Despite its robust defense system, the lodgepole pine is still the preferred menu item for the mountain pine beetle, suggesting that the beetle has not yet adjusted its host preference to whitebark pine. “Nevertheless, at elevations consisting of pure whitebark pine, the mountain pine beetle readily attacks it,” Townsend said.

The good news, he adds, is that in mixed stands, the beetle’s strongest attraction is to the lodgepole pine, suggesting that, at least in the short term, whitebark pine may persist in those environments.

The study was conducted in the Greater Yellowstone Ecosystem, one of the last nearly intact ecosystems in the Earth’s northern temperate regions.

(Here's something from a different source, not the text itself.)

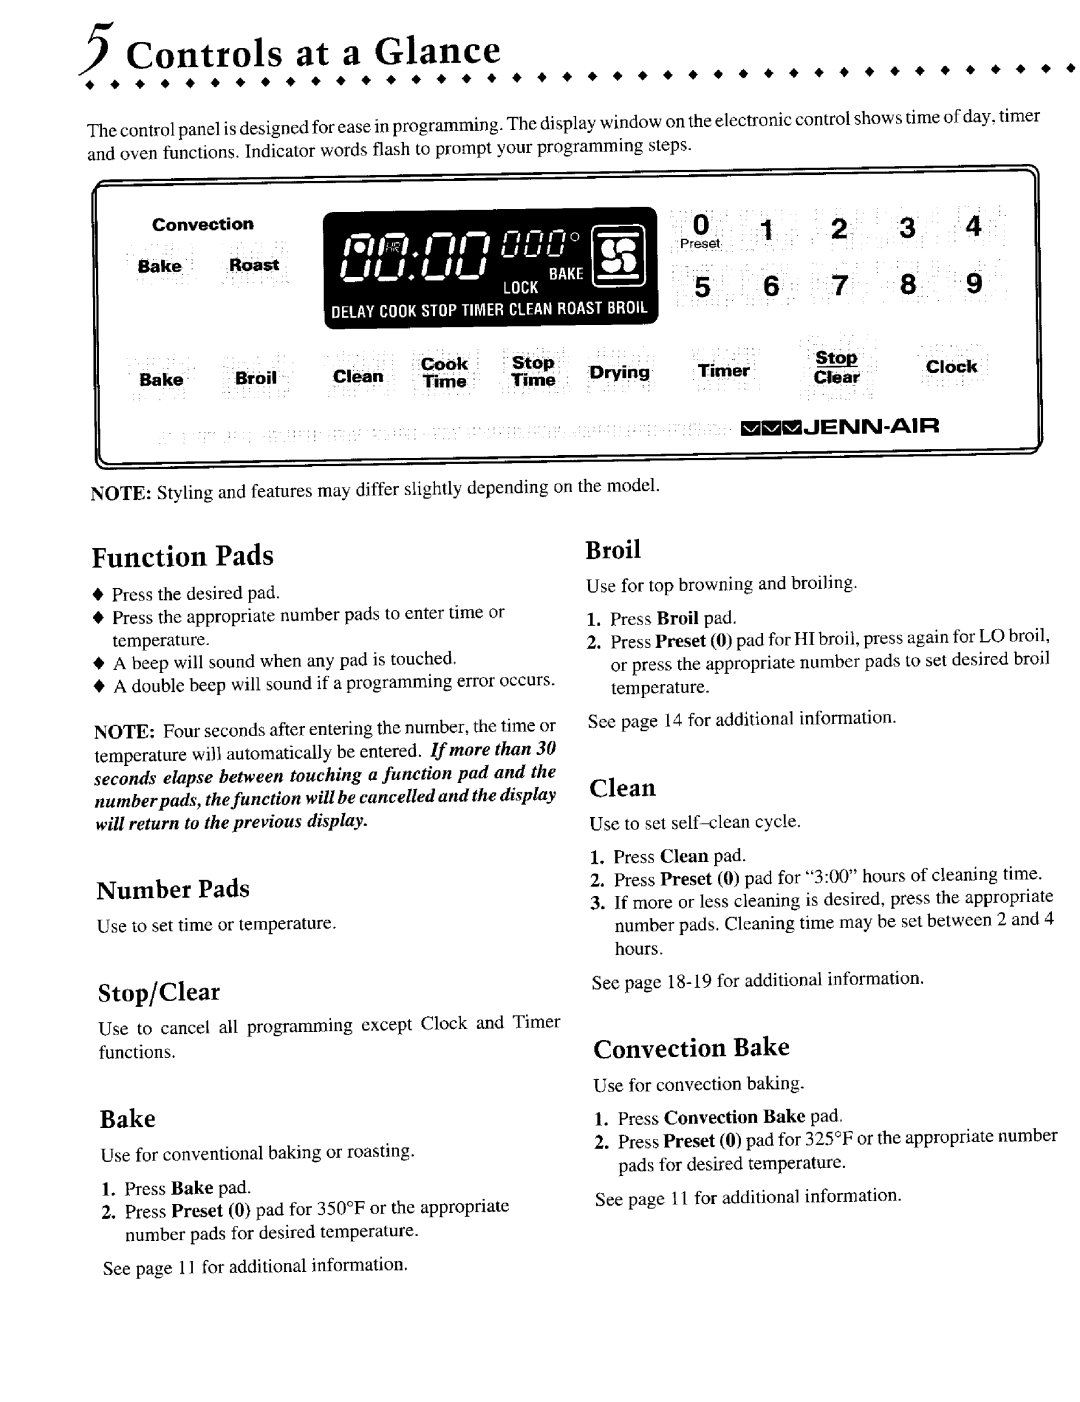 Jenn-Air JER8850 Controls at a Glance, Function Pads, Broil, Number Pads, Stop/Clear, Clean, Convection Bake, +CoOk 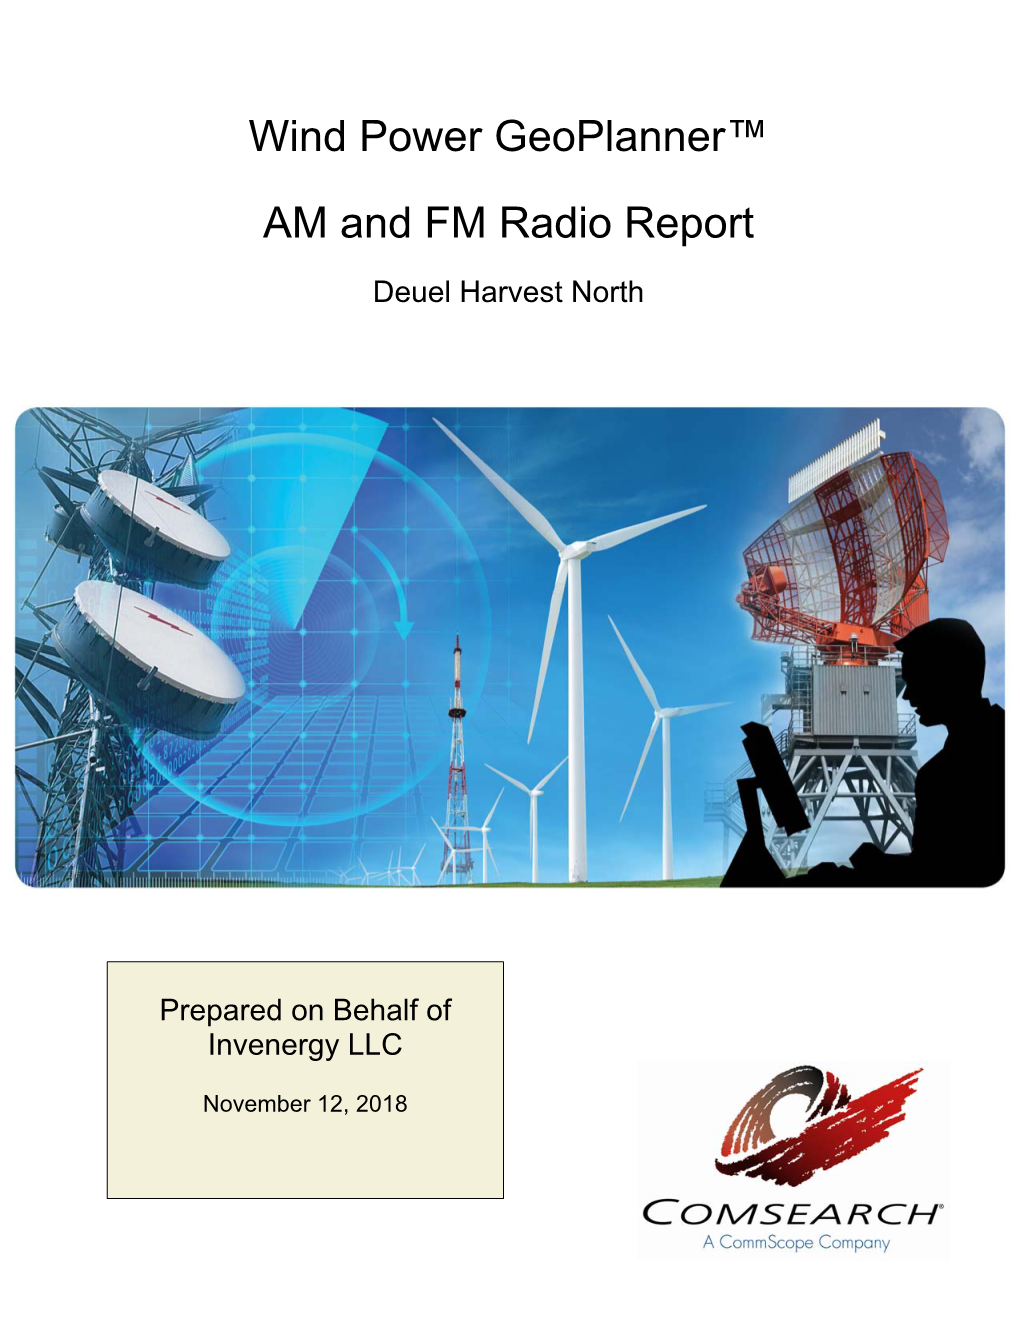 Wind Power Geoplanner™ AM and FM Radio Report COMSEARCH a Commscope Company Deuel Harvest North

It showed that the insects that prey on or compete with the mountain pine beetle are staying in their preferred lodgepole pine habitat.

That is a concern because the tree-killing bark beetles “will encounter fewer of these enemies in fragile, high-elevation stands, Townsend said.

Whitebark pine trees are an important food source for wildlife, including black and grizzly bears, and birds such as the Clark’s nutcracker, named after the famed explorer and which is essential to whitebark pine forest ecology as the bird’s seed caches help regenerate the forests.

With their broad crowns, the high-elevation whitebark pines also act as snow fences, helping to slowly release water into mountain streams and extending stream flow into mountain valleys well into the summer.

“Loss of the canopy will lead to greater desiccation during the winter and faster melting in the summer due to loss of tree canopies for shade,” according to Townsend. “This is possibly a short-term effect of the loss of whitebark pine,” he explained “If – and it is a big if – other tree species replace it, eventually this service may be replaced.”